I tried for years to get them the media to come to Road's End. Guess I just needed to get media-darling jdubbya as a spokesperson! To be honest, Jerry said so many great things about what it means to be a home haunter and a Halloween enthusiast. The segment could have much longer with just him.

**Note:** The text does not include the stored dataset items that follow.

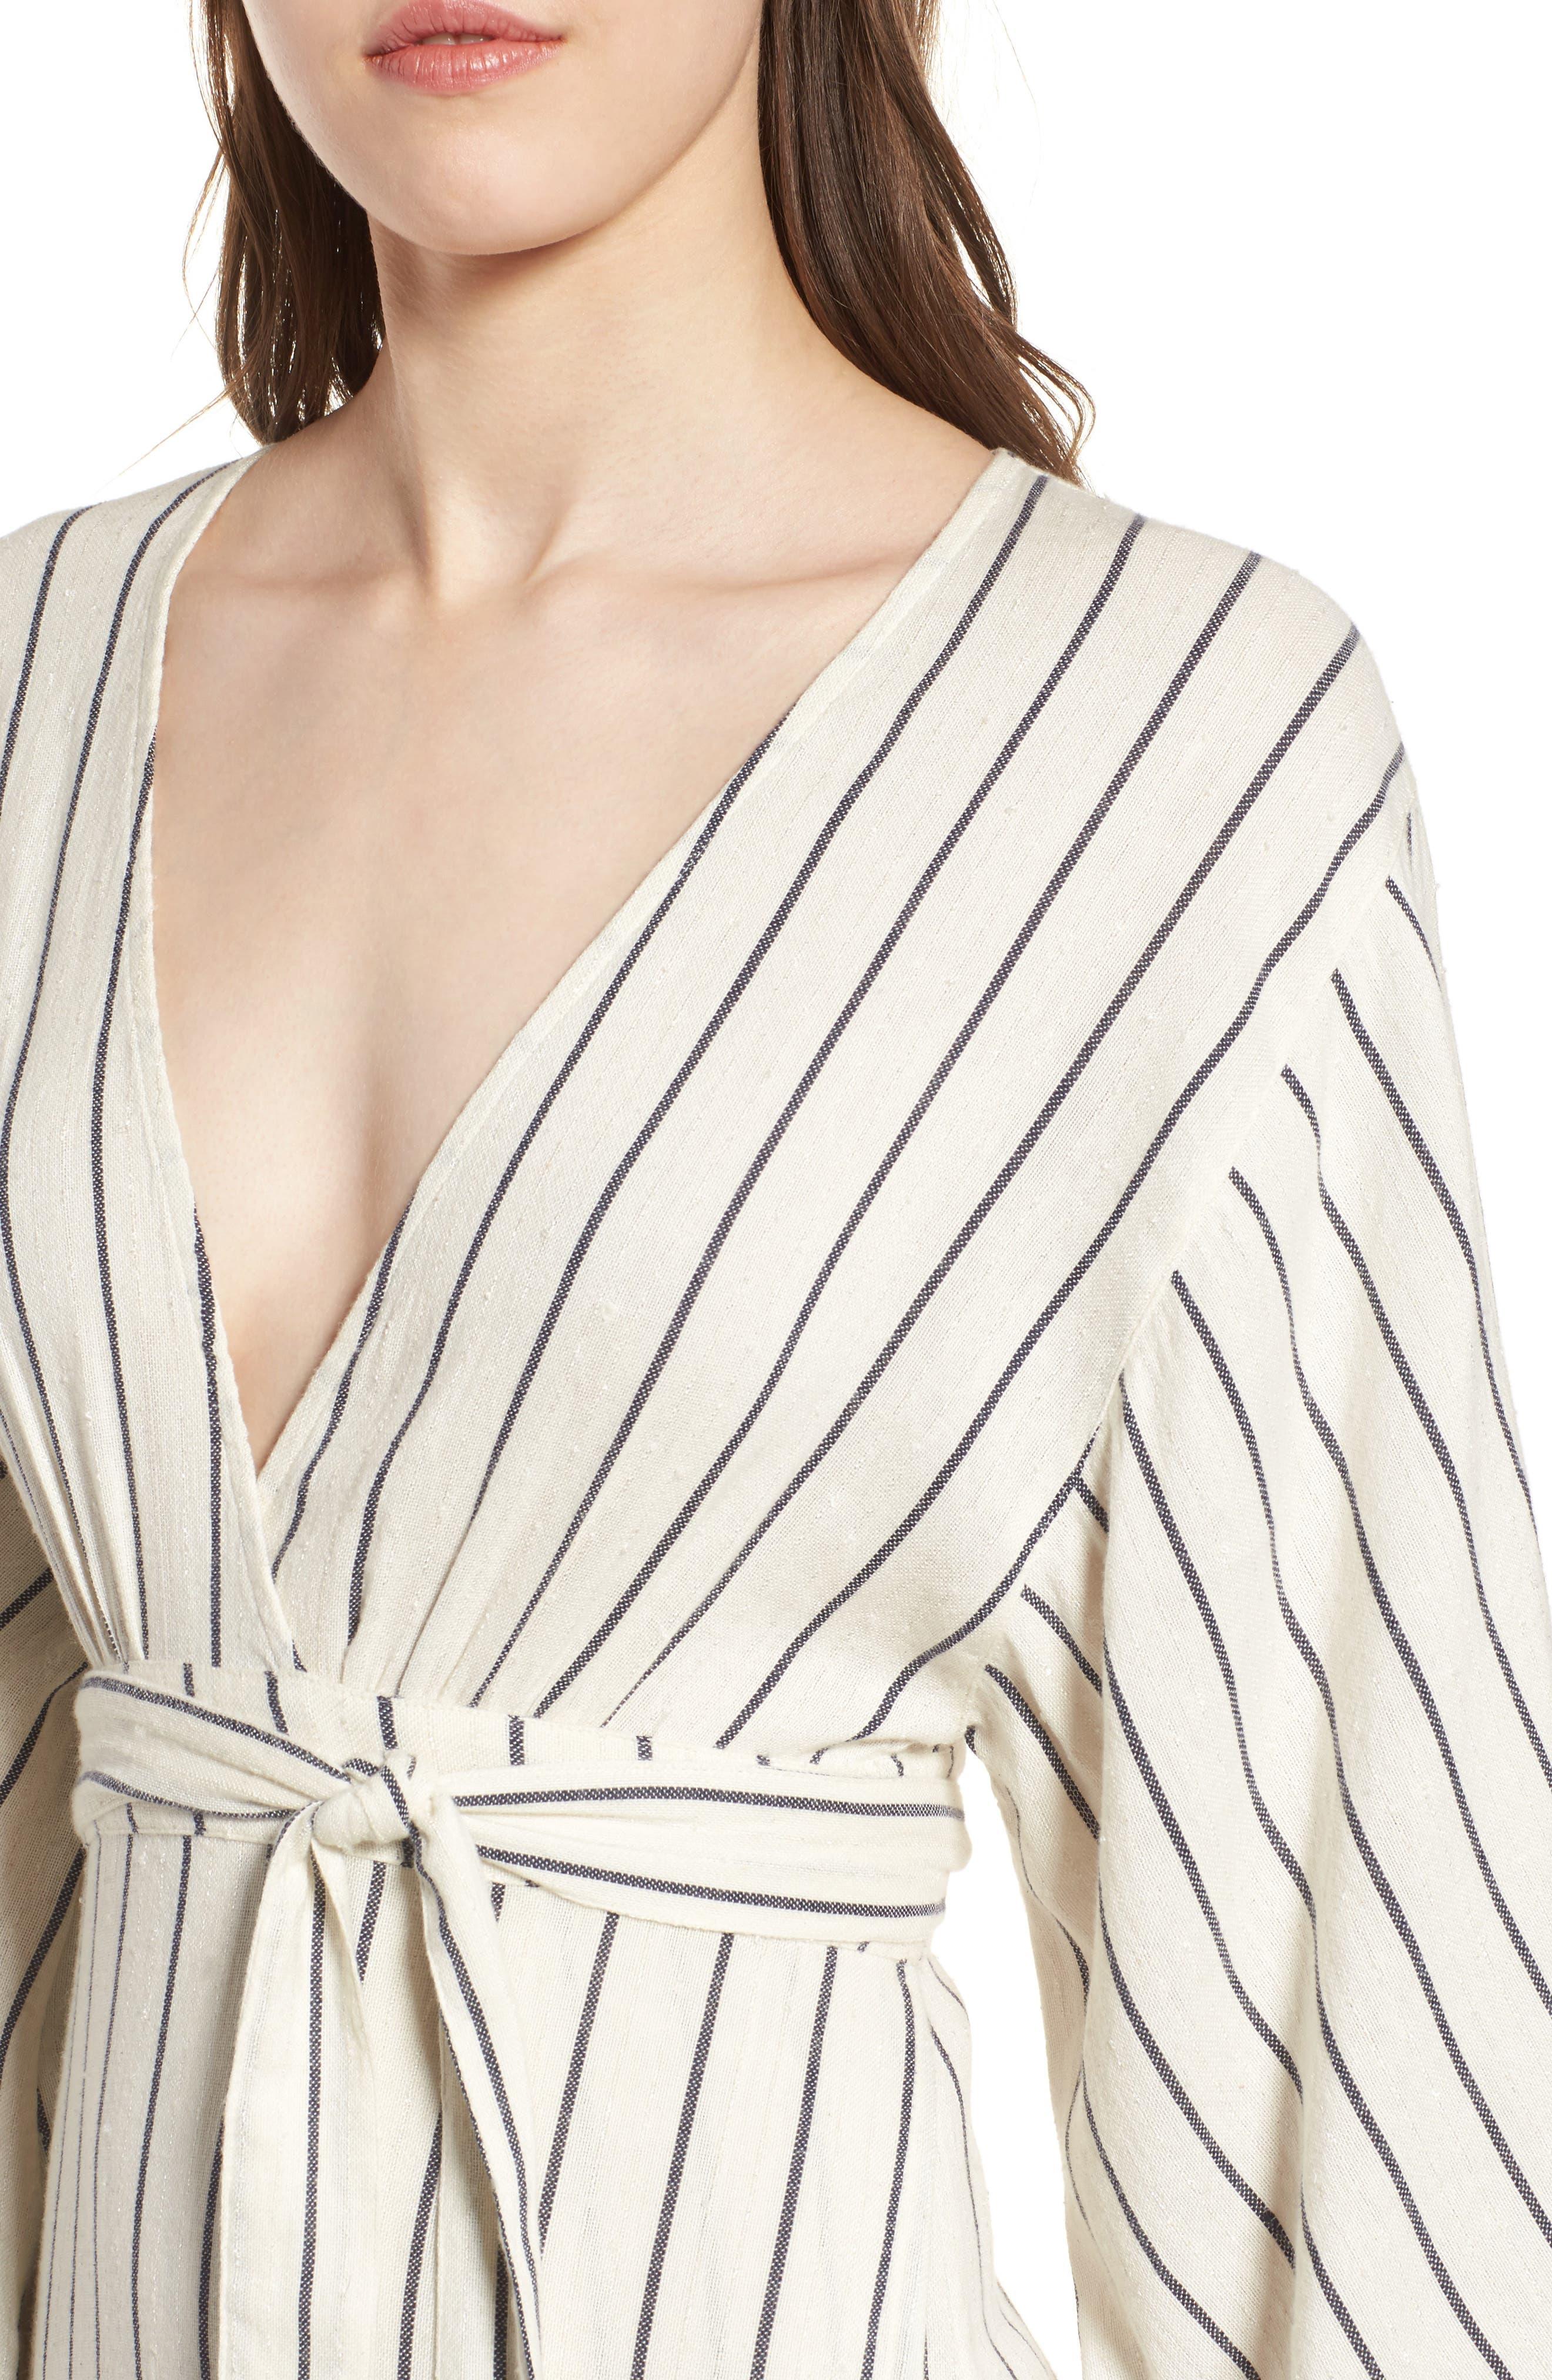 Robe Life Striped Midi Dress,                             Alternate thumbnail 4, color,                             Cool Wip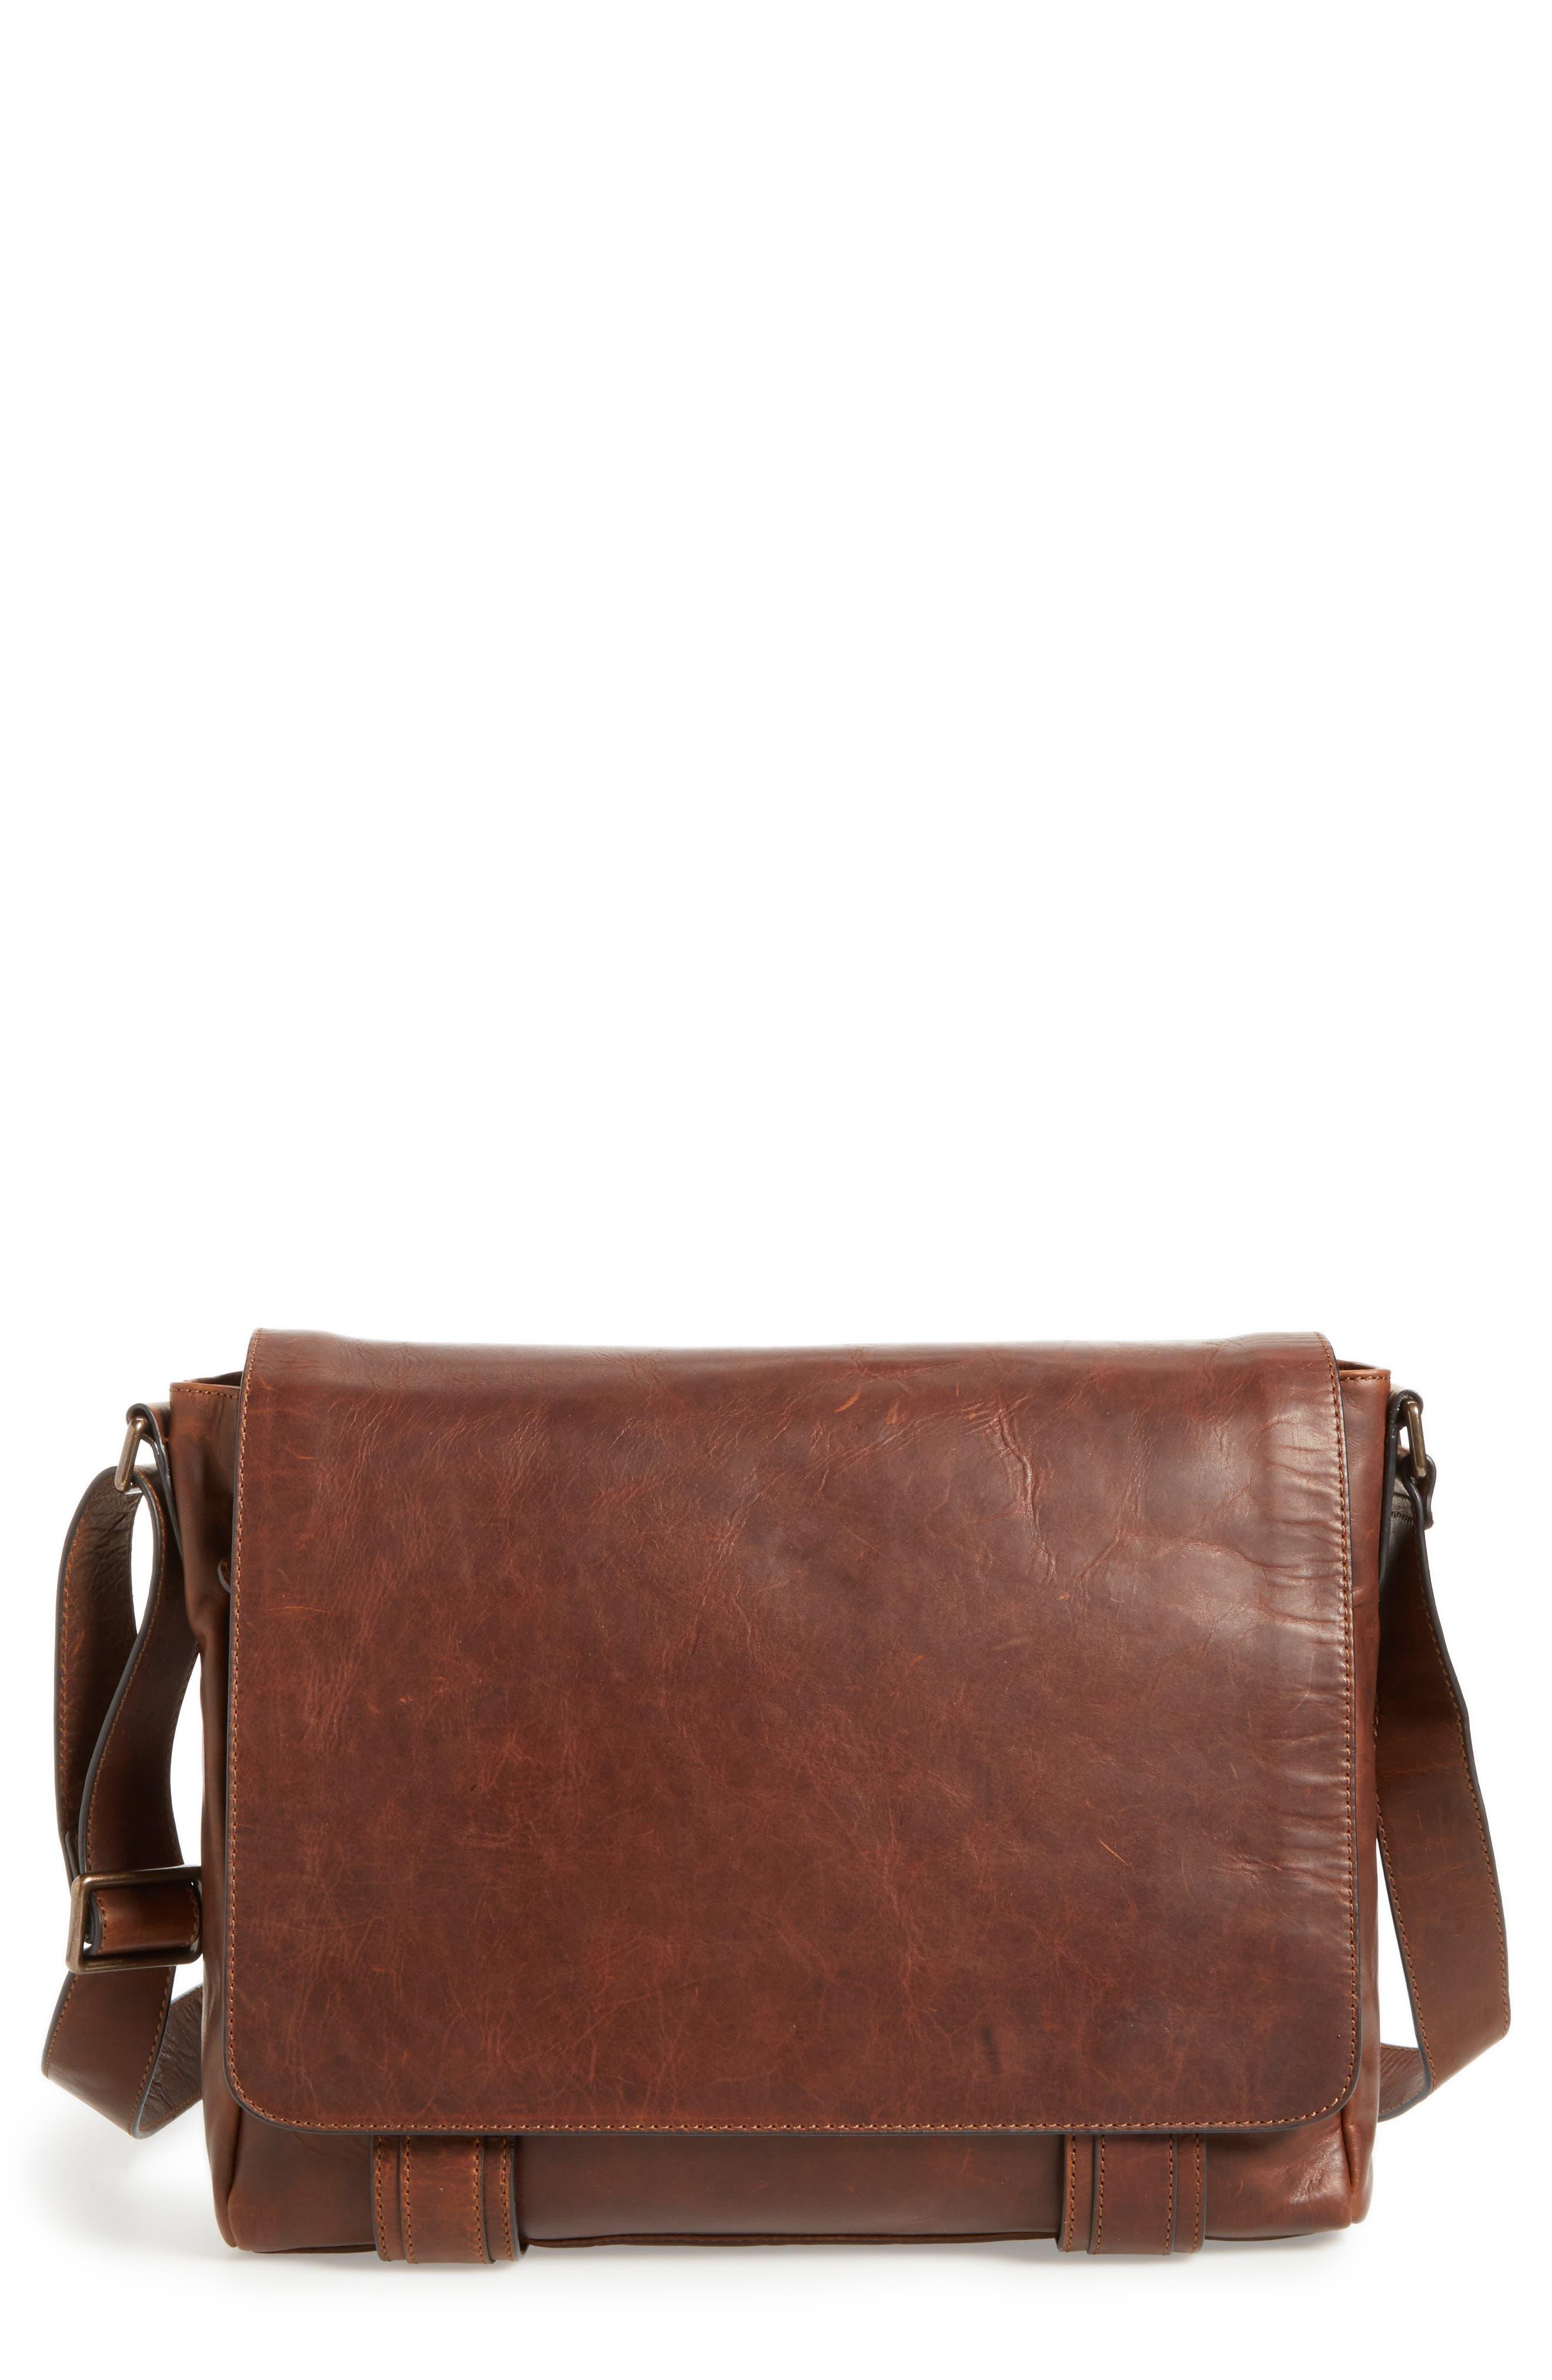 FRYE 'Logan' Messenger Bag, Main, color, ANTIQUE DARK BROWN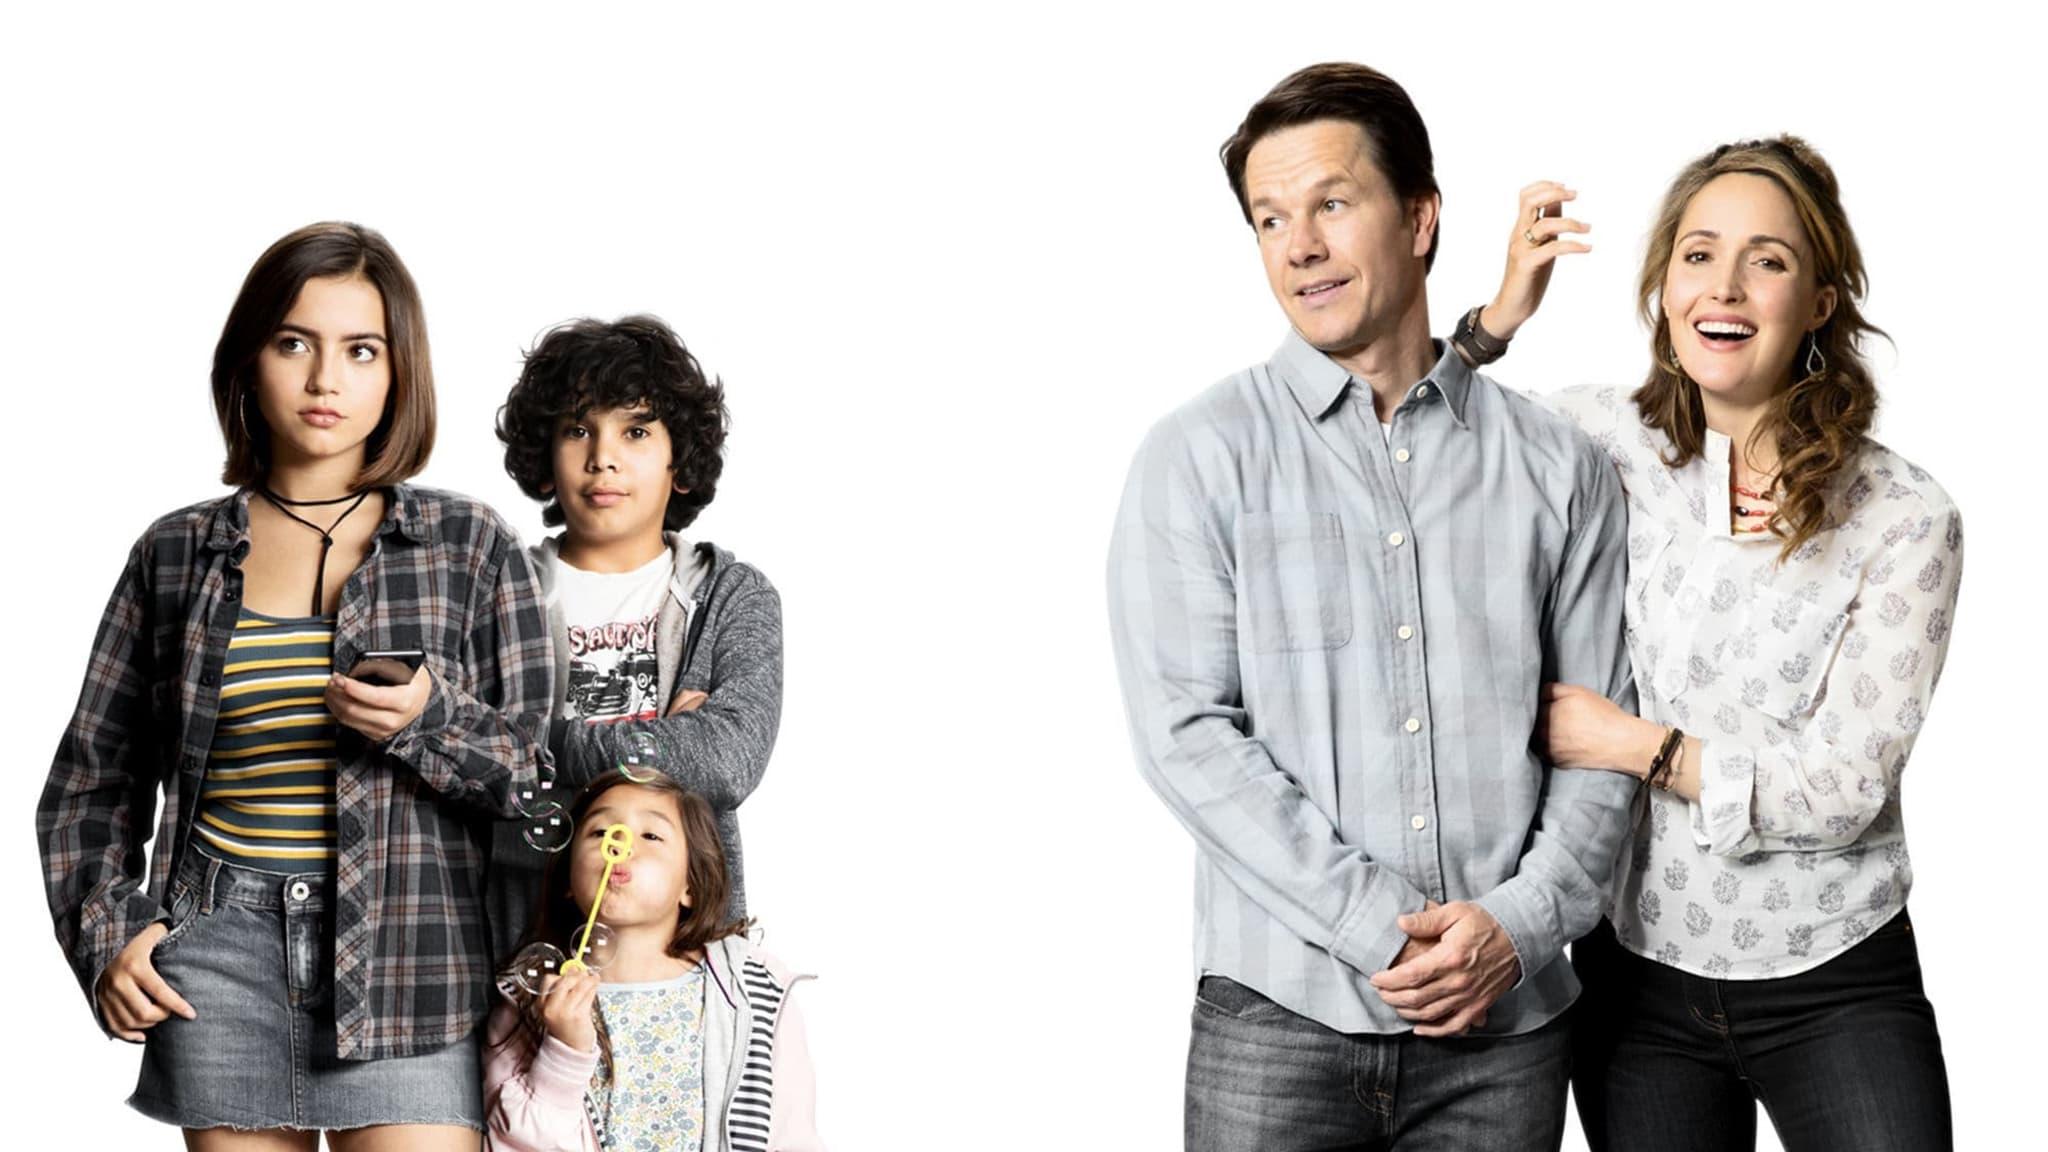 Movie – Instant Family

I also want to add that I am very grateful to be a part of this and appreciative of jubbya and Mrs. dubbya for letting me help haunt up Eerie Manor. The two of us have had some really great conversations about where we would like to take our haunting. It could get very interesting!:jol:


----------



## jdubbya (Nov 6, 2005)

http://www.erietvnews.com/clip/10800055/haunted-house-2300p103114

Two local channels came over and spent over an hour at our haunt doing interviews and even a walk through. We got them both good!
Here's a clip from one station..


----------



## tjc67 (Jul 28, 2013)

Nice coverage. Been waiting to hear how it went.


----------



## MotelSixx (Sep 27, 2008)

Jerry, Jessica starr from wjet posted it on Facebook at 5 On Friday along with your address AGAIN lol. I just saw it ten minutes ago.


----------



## Hairazor (Mar 13, 2012)

"Go in there and come out alive!"

You guys Rock! Haunt on!!


----------



## RoxyBlue (Oct 6, 2008)

Yay for you guys! Sounds like your visitors loved what you did.


----------